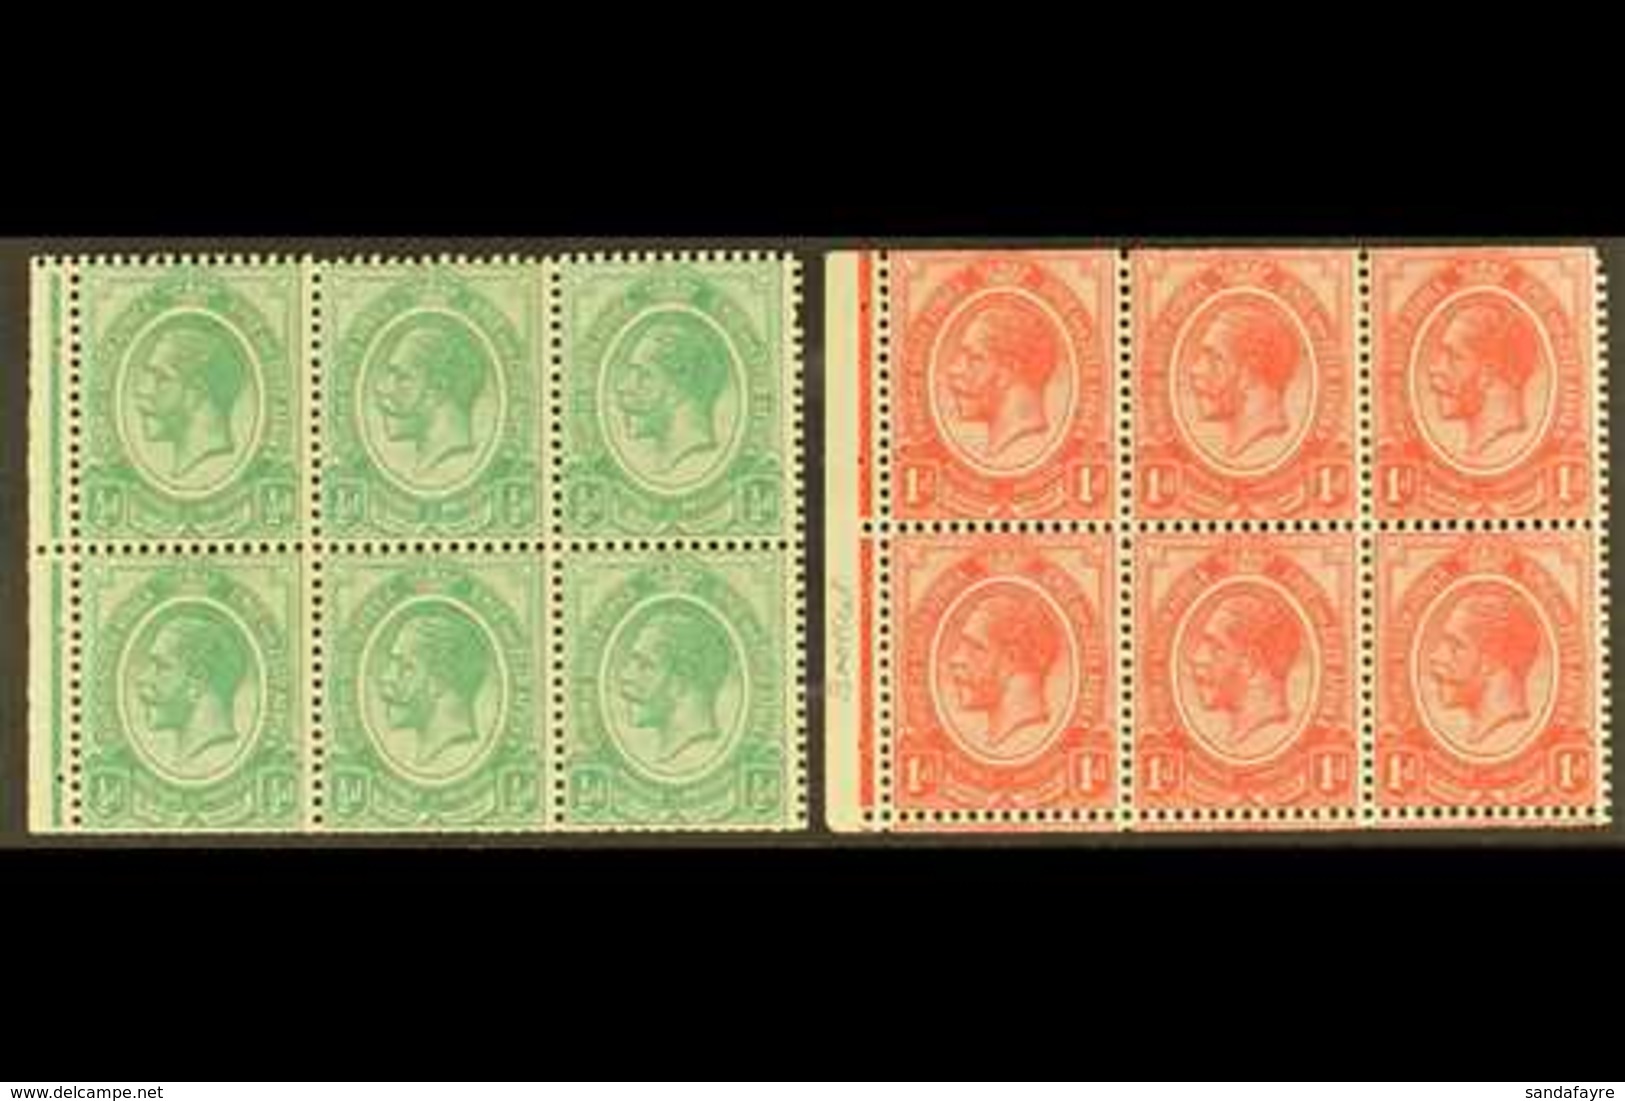 BOOKLET PANES 1913-20 ½d & 1d Panes, Wmk Inverted, SG 3/4, Fine Mint, Trimmed Perfs (2 Panes). For More Images, Please V - Unclassified
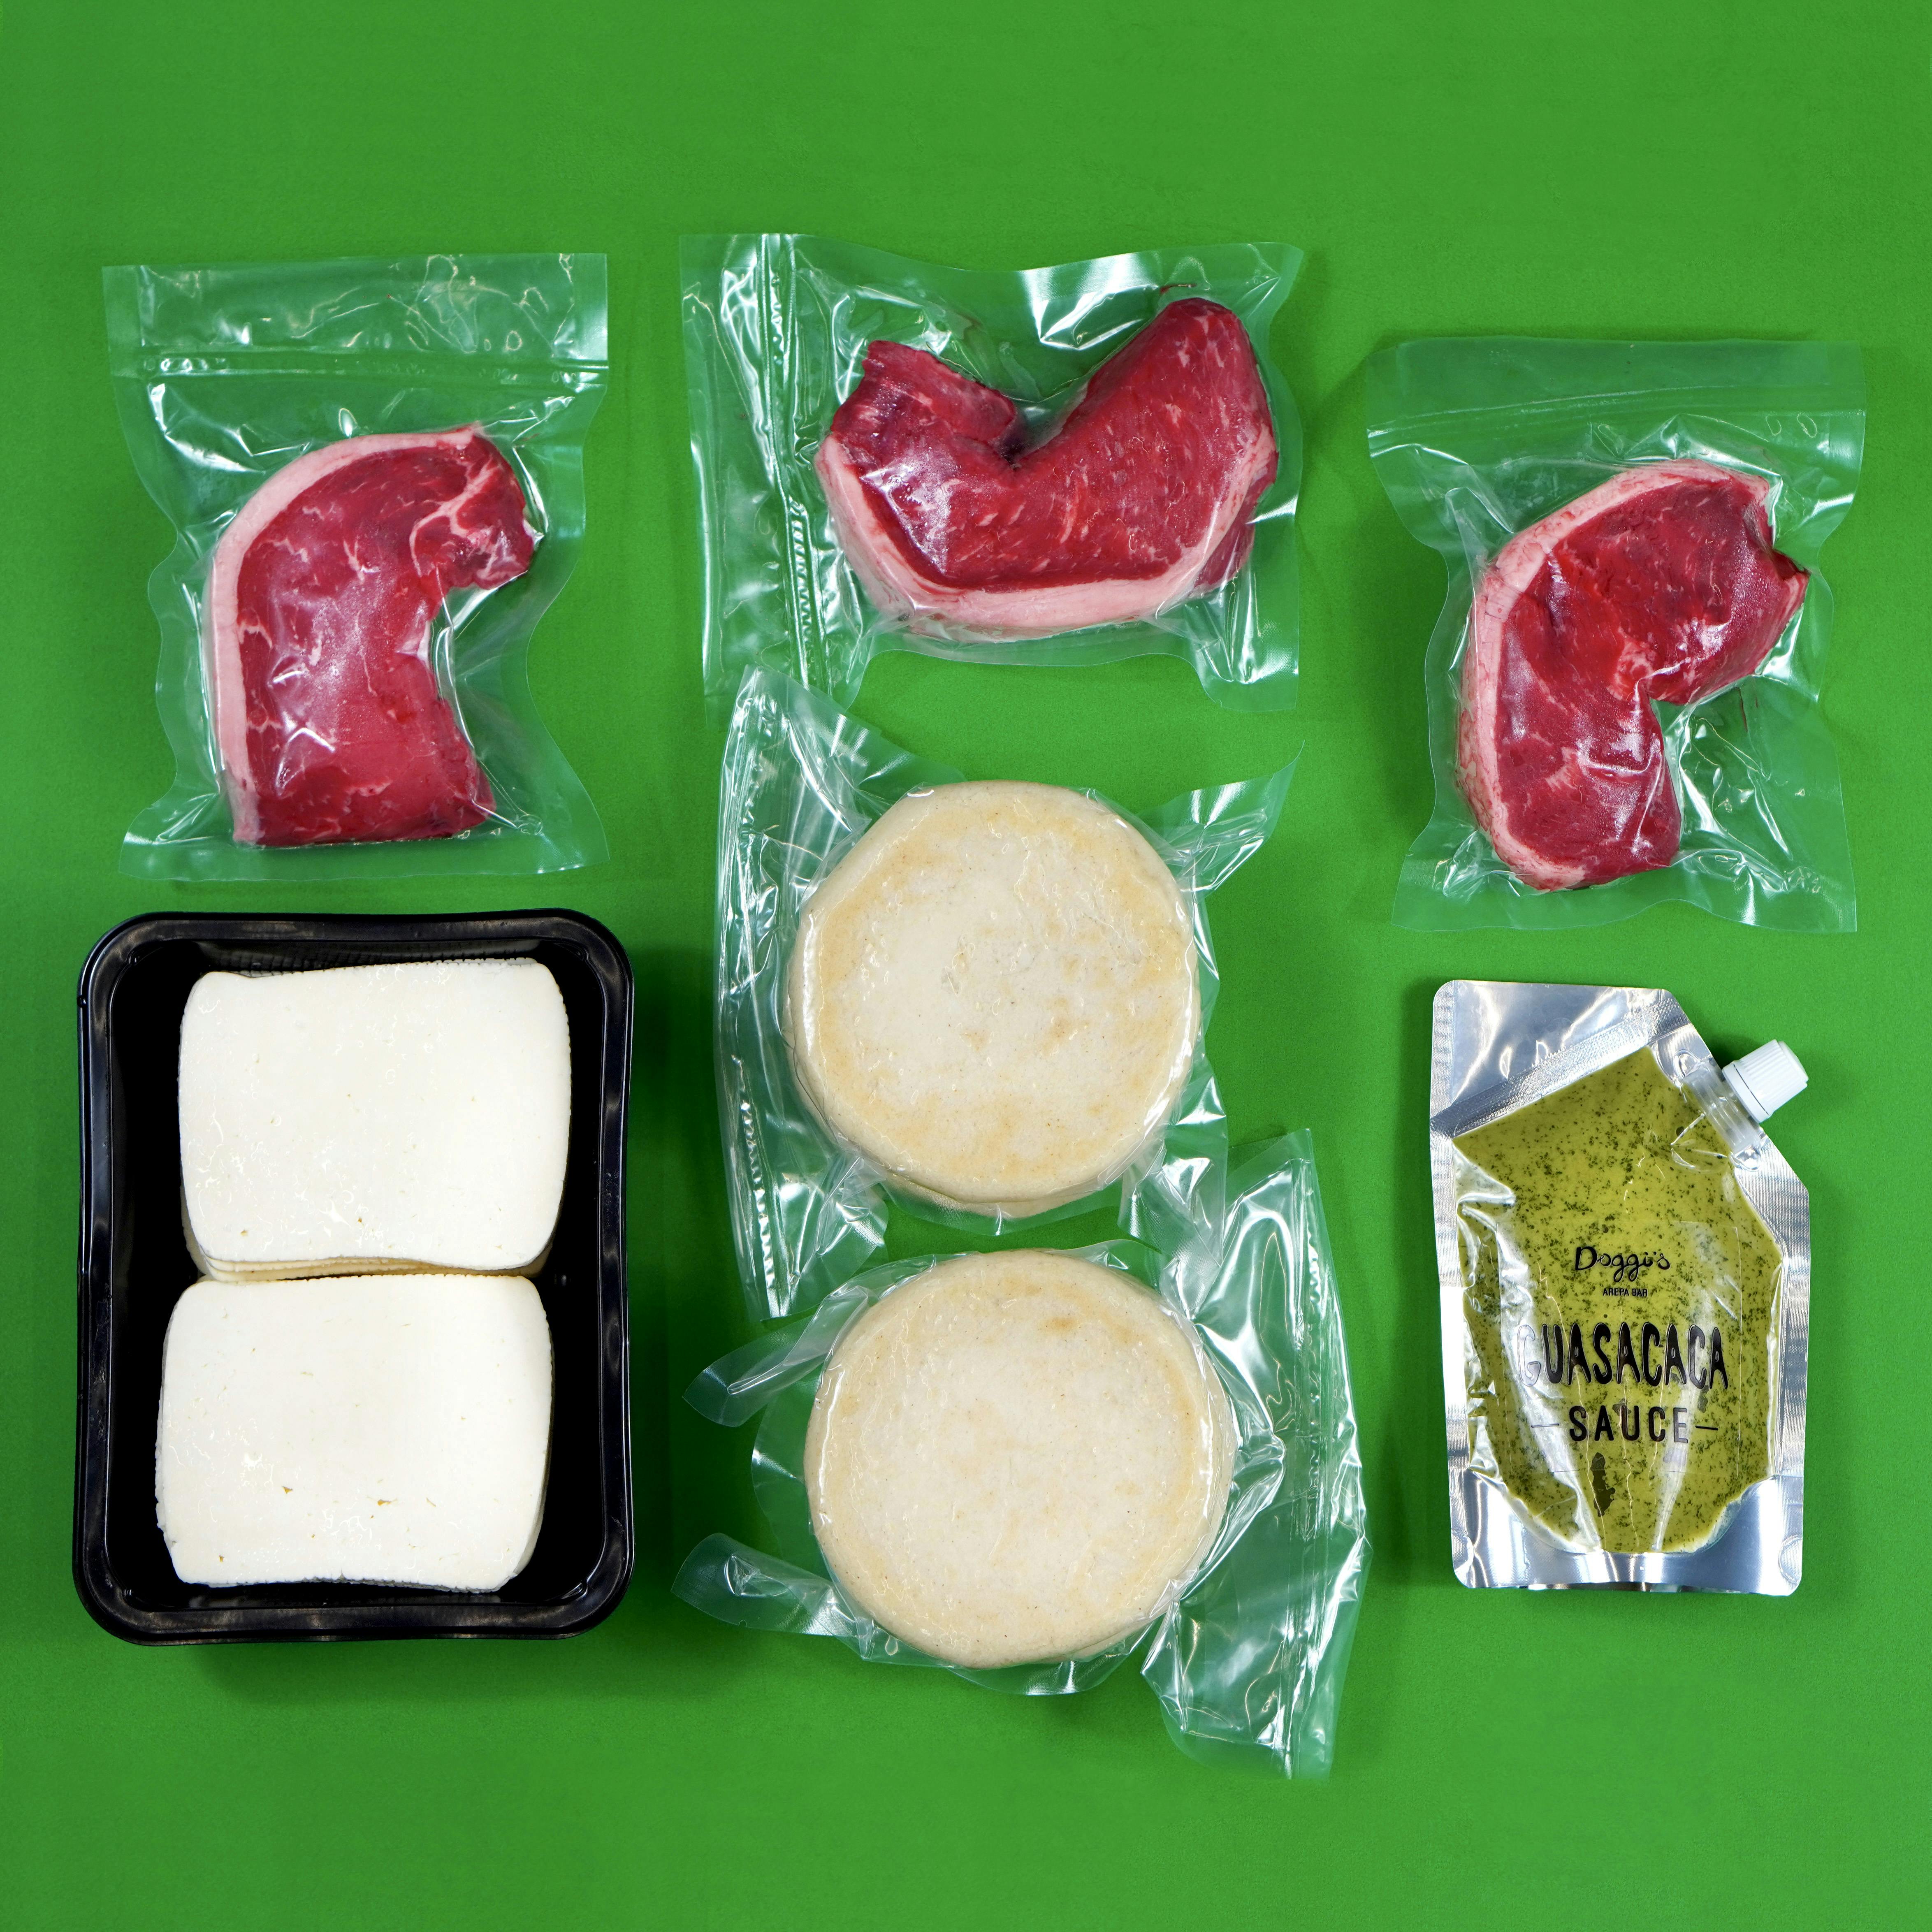 New Austin Food Delivery Service Sells Colorful Arepa Meal Kits
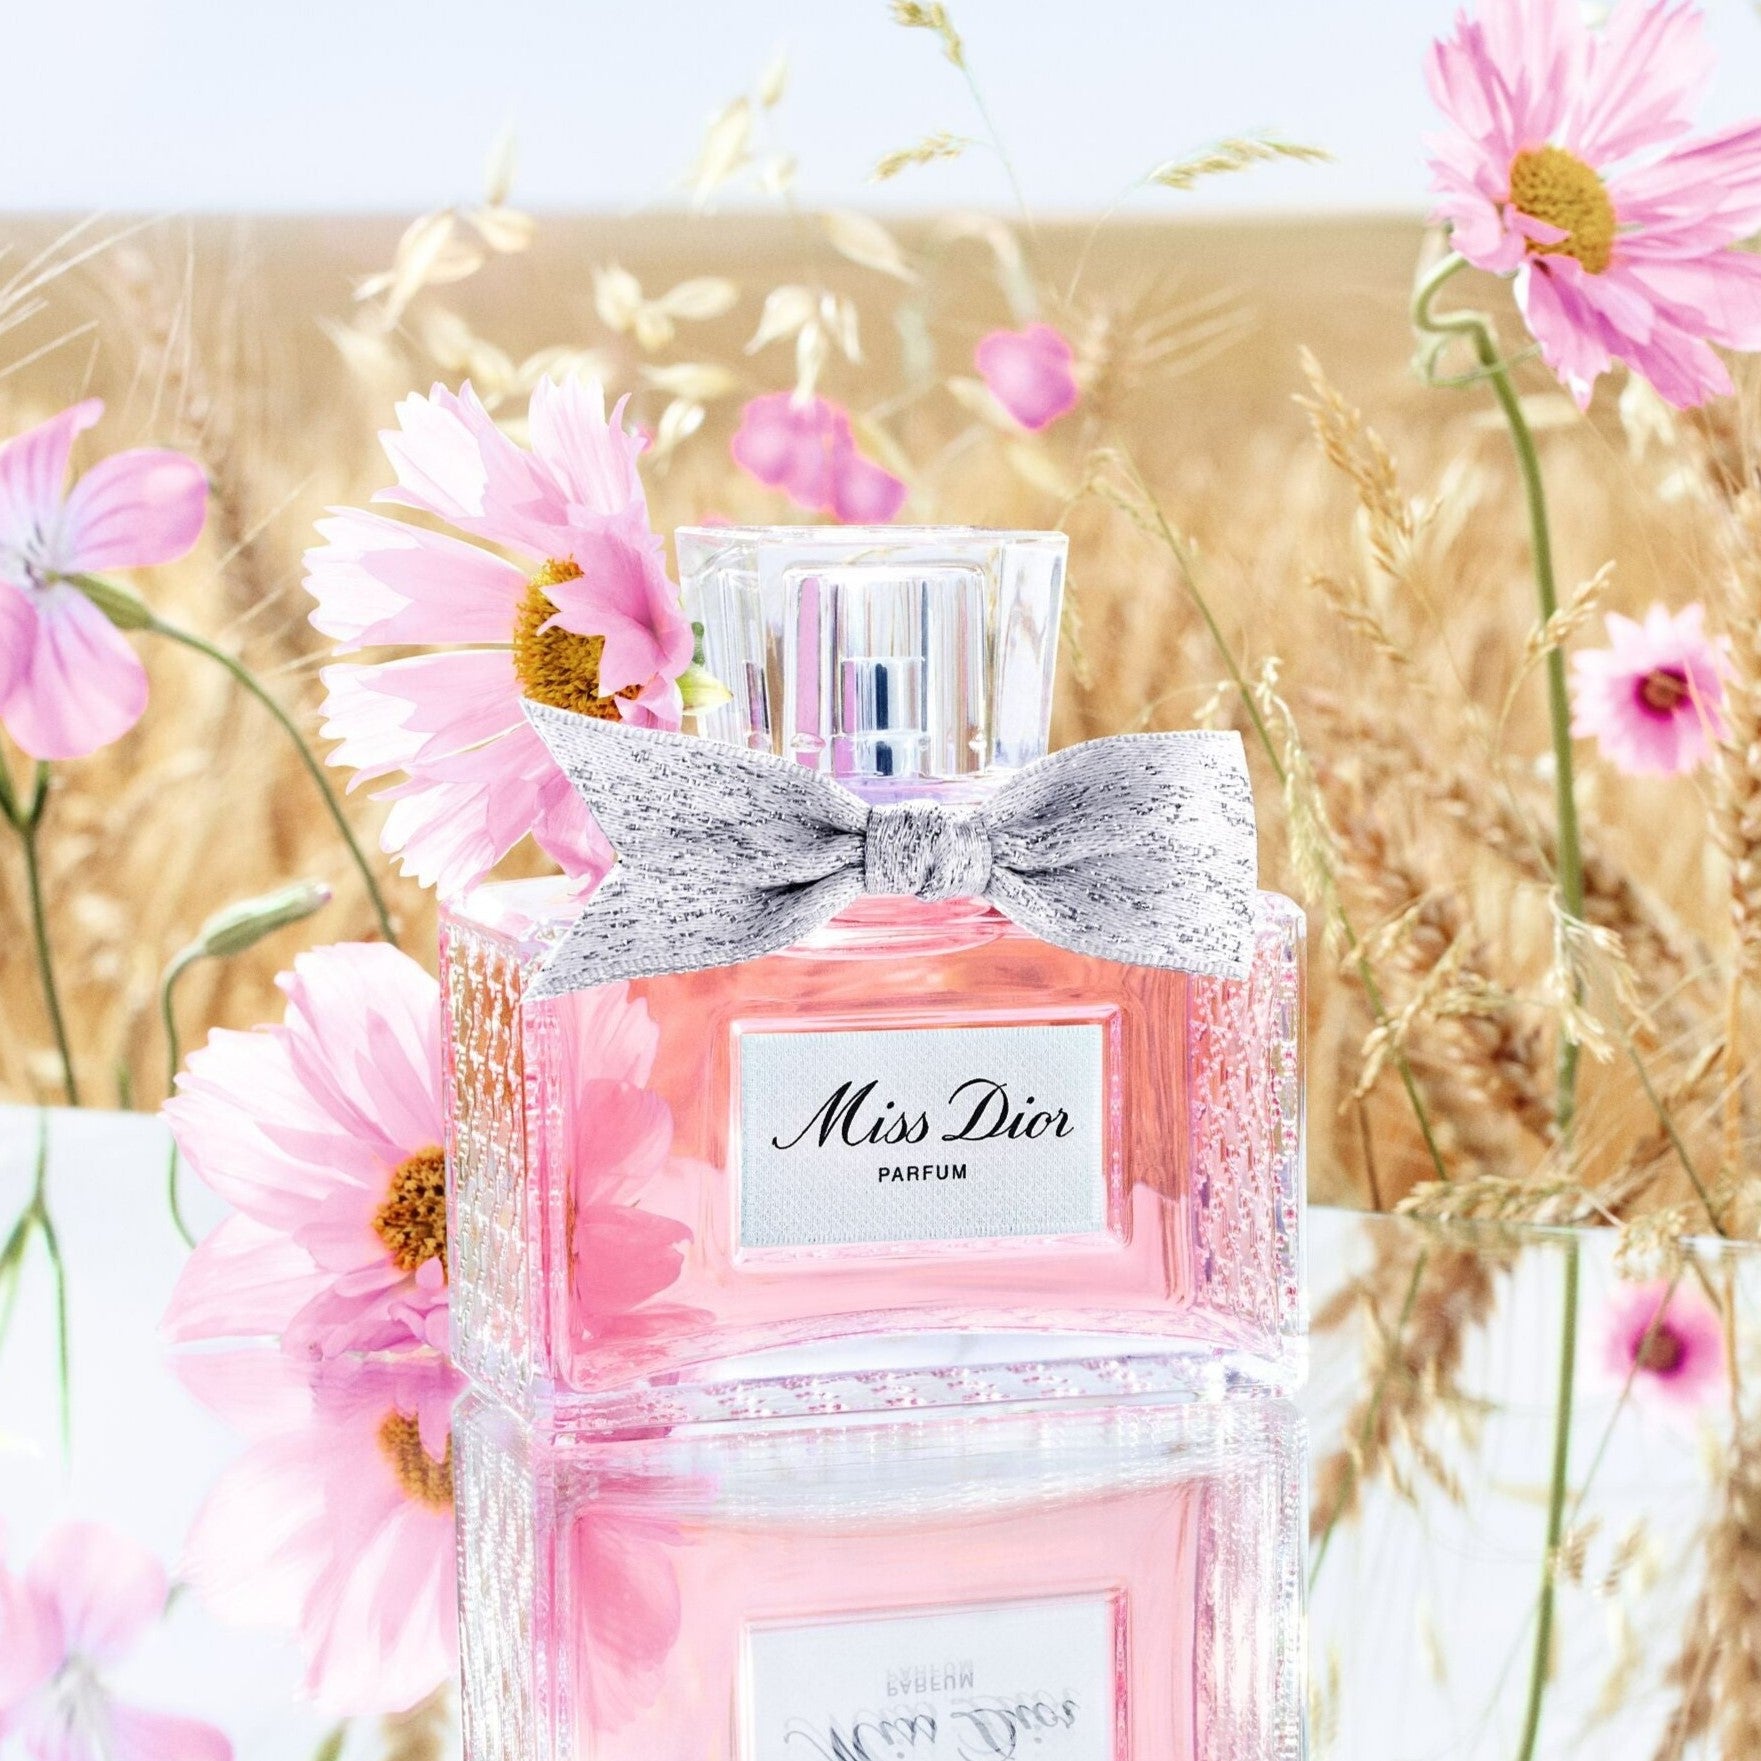 MISS DIOR PARFUM | Parfum - Intense Floral, Fruity and Woody Notes

• What is needed
From the first line to the last, set down the data exactly, without the pictures.

• Expected output
 BOOKLET PANES 1913-20 ½d & 1d Panes, Wmk Inverted, SG 3/4, Fine Mint, Trimmed Perfs (2 Panes). For More Images, Please V - Unclassified
 New Austin Food Delivery Service Sells Colorful Arepa Meal Kits
 MISS DIOR PARFUM | Parfum - Intense Floral, Fruity and Woody Notes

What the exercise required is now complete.